Other Ingredients in Perfumes
Perfume compositions include a variety of flavouring substances, up to 100 components, some of which are trace elements. In the most luxurious series the number of components is greater, which determines the greater value of the aroma.
If we taste the smell of a flower, we will find out that it is a combination of fragrances from which a part is separated, that determines the main specific aroma. If this part is removed, then the composition loses its meaning. Similarly, there is a central core in the perfume that determines the aroma of the whole composition. It consists of several aromatic substances, which are perceived in a certain sequence.
One of the most important factors for the originality of a perfume composition is the completeness of the aroma. The more components are included, the better expressed it is. In addition to aromatic ingredients, other substances are used in perfumes. Here are which they are:
- Solvents. Highly concentrated ethanol is used as a universal solvent.
- Modifiers. The scent improves and becomes fuller with their help while the perfume composition is stationary.
- Fixatives. These are the substances that are added to the perfume composition in order to delay the evaporation of flavours for a longer time, increasing the durability of the product. Fixation also results in colouring the fragrant liquid, as resins and conditioners are often used as fixatives.
Furthermore, substances that have nothing in common with the essential elements of the aroma, and sometimes even sharply contrast with them, are often used to give more density and originality to the perfume. They can be added in different amounts, and their main action is to exalt other fragrances — they add passion, brightness and some darkness.
The scents that evaporate first create the main impression of the perfume. They are also used to cover the aroma of the solvent. There are 3 levels in which the aroma develops. They depend on the evaporation of its constituents.
- Top aromatic notes. They provide the initial impact — a light and fresh scent that lasts for about 8-15 minutes. Their ability to attract people makes them one of the most powerful “weapons” in the perfume sales because they are often the ones who “win” the customer in the first minutes.

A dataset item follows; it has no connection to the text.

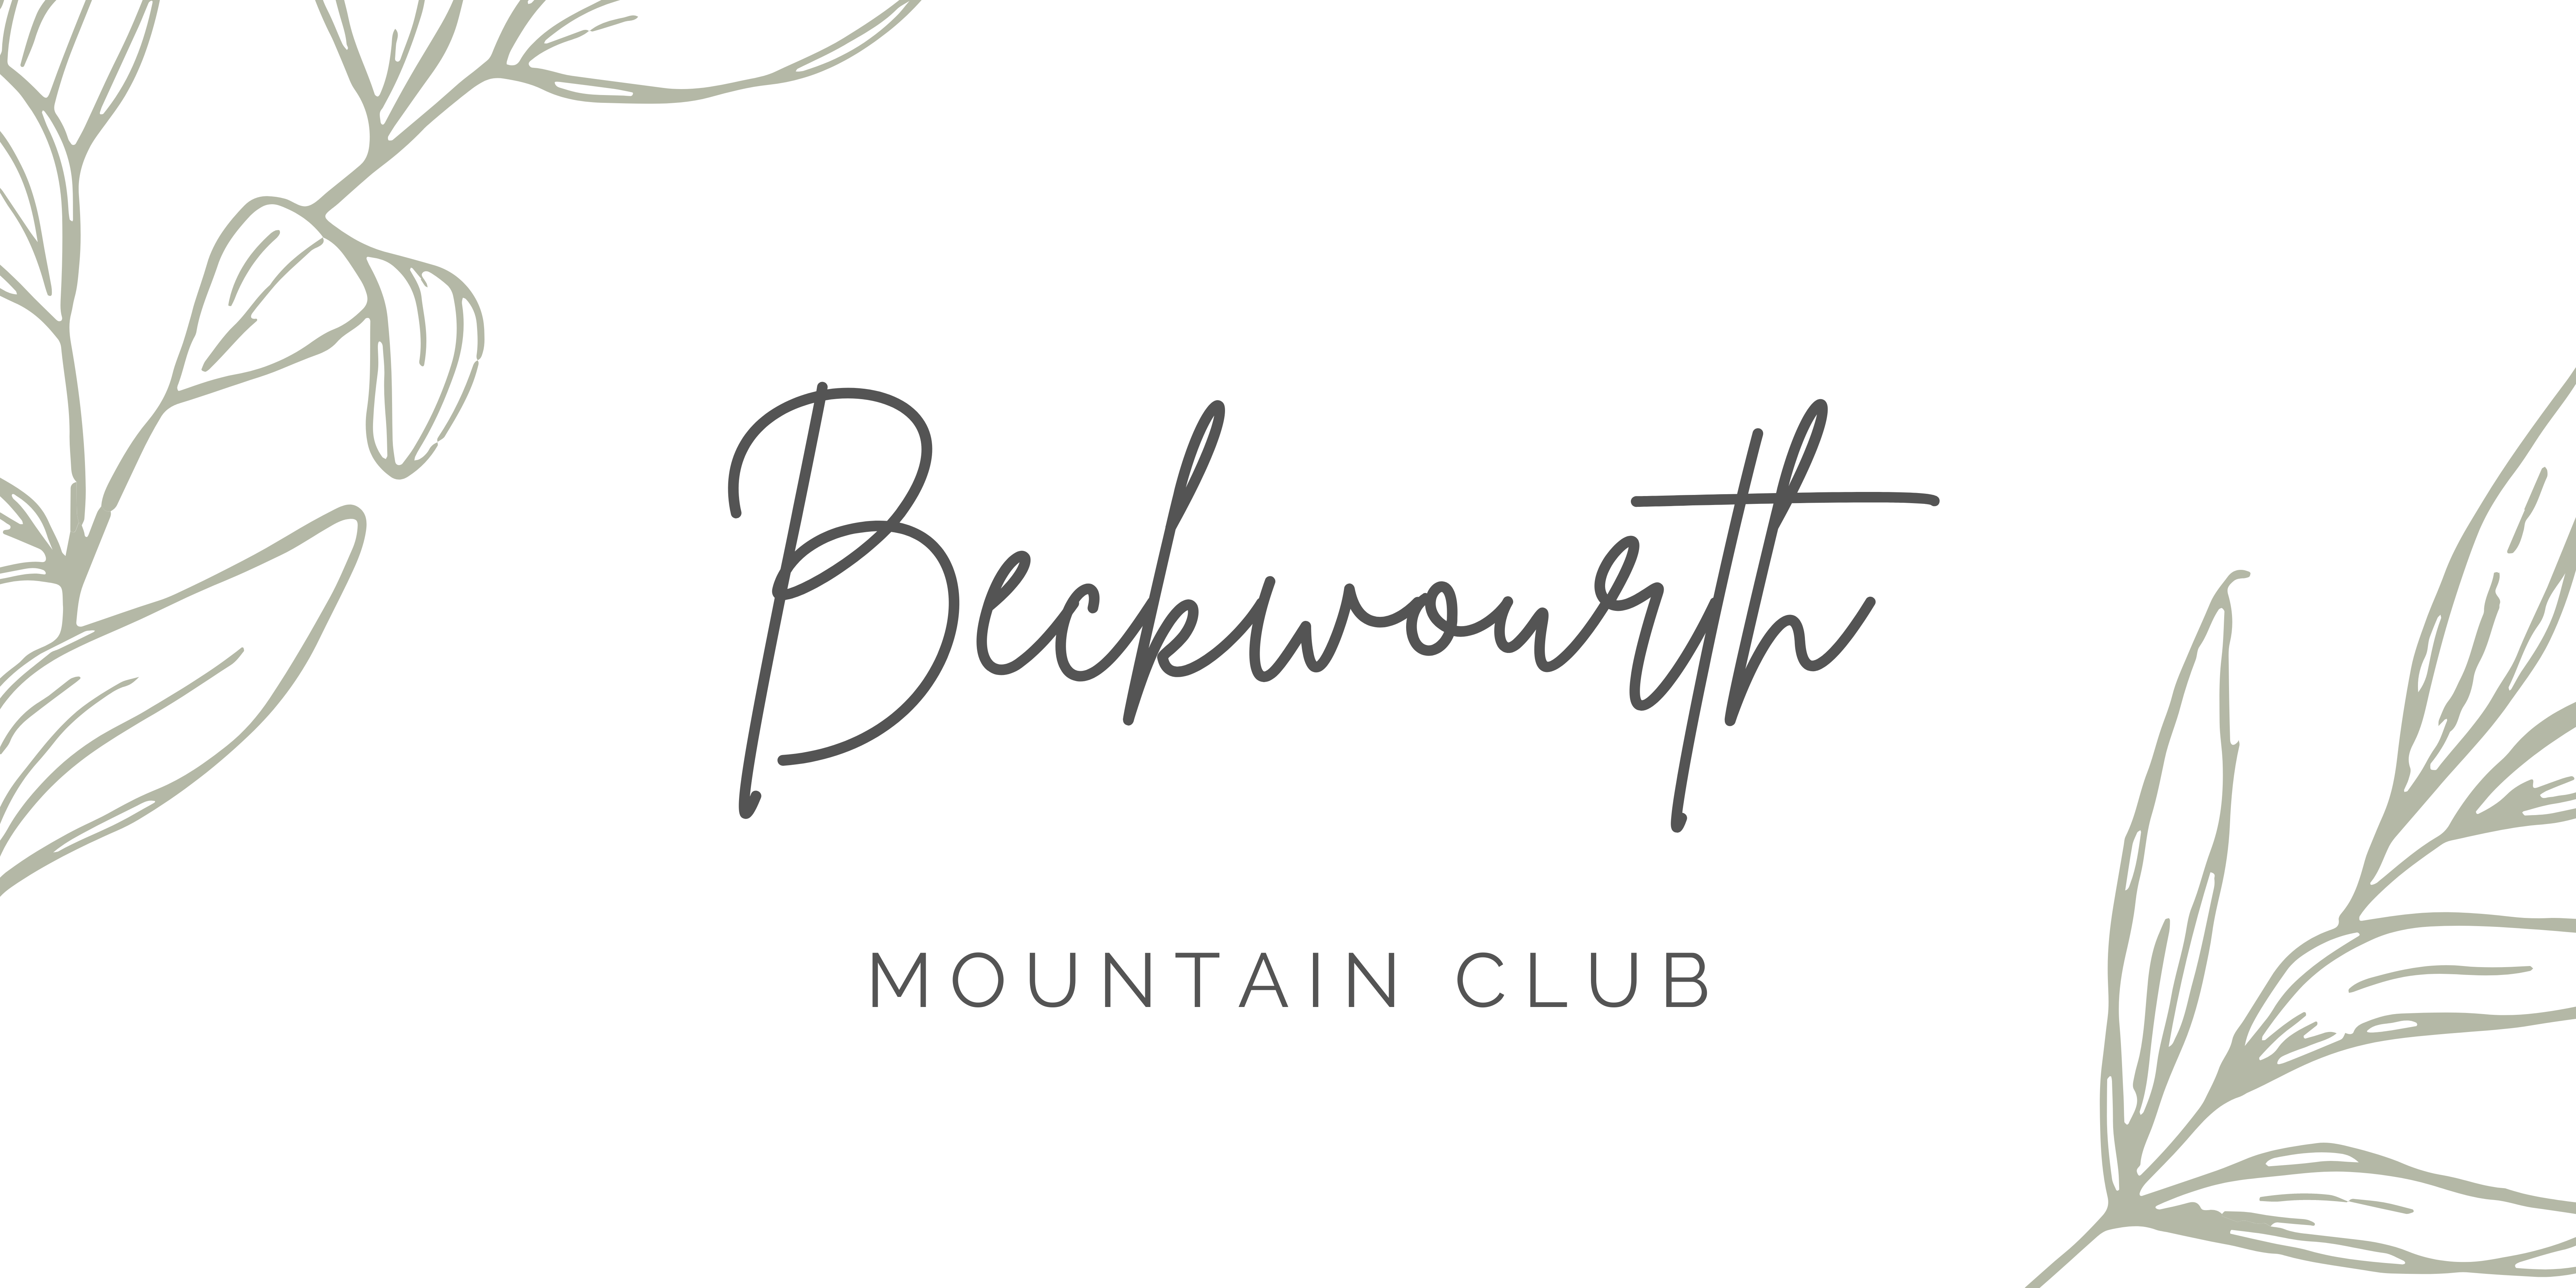 Beck Wourth Mountain Club

These notes form between 20-40% of the perfume. The most commonly used are citrus scents and green spices.
- Middle aromatic notes. They are also known as the “heart” of the perfume and break after the top notes for 10-30 minutes. The middle notes overwhelm our senses after the top notes have evaporated. They remain constant over time and give the character of the perfume, and also “help” the spread of the aroma in its base notes.

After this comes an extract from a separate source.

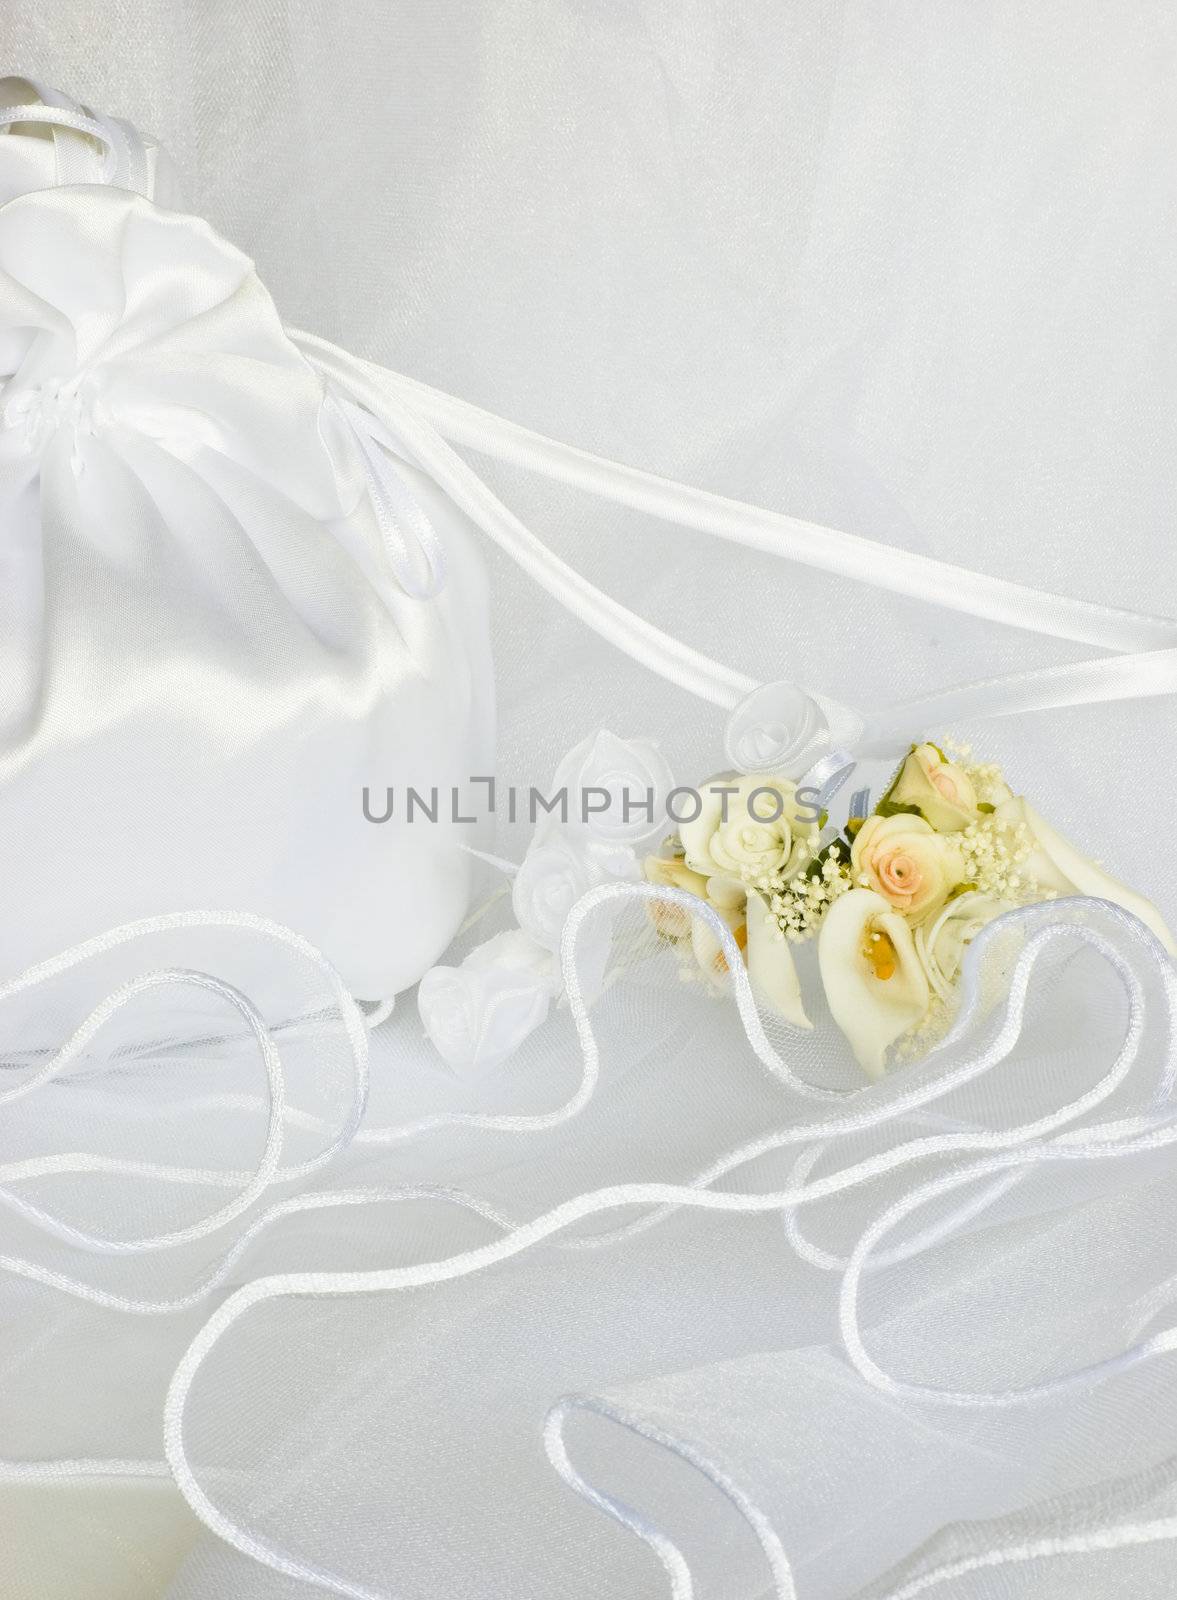 wedding flowers and bridal bag over veil by Dessie_bg

They make up between 40-80% of perfume. The most used are fruity and floral scents, as well as spicy spices.
- Base aromatic notes. They provide a lasting emanation of the perfume. This is the final phase in the unfolding of the aroma and helps to fix it to the skin. Base notes are richer and deeper, and even enhance their scent over time. They are the ones that leave a lasting impression on perfume and are often felt hours after we have applied it.
They make up between 10-25% of perfume and are the most expensive perfume notes. The most commonly used include saturated scents such as cedar wood, sandalwood, vetiver, vanilla, amber, patchouli, musk, etc.
The act of making a perfume is called composing. This creative and scientific activity includes knowledge of aromatic substances, their properties and toxicity. The method of creating a perfume composition is impossible without rich imagination, a taste and knowledge of fashion trends.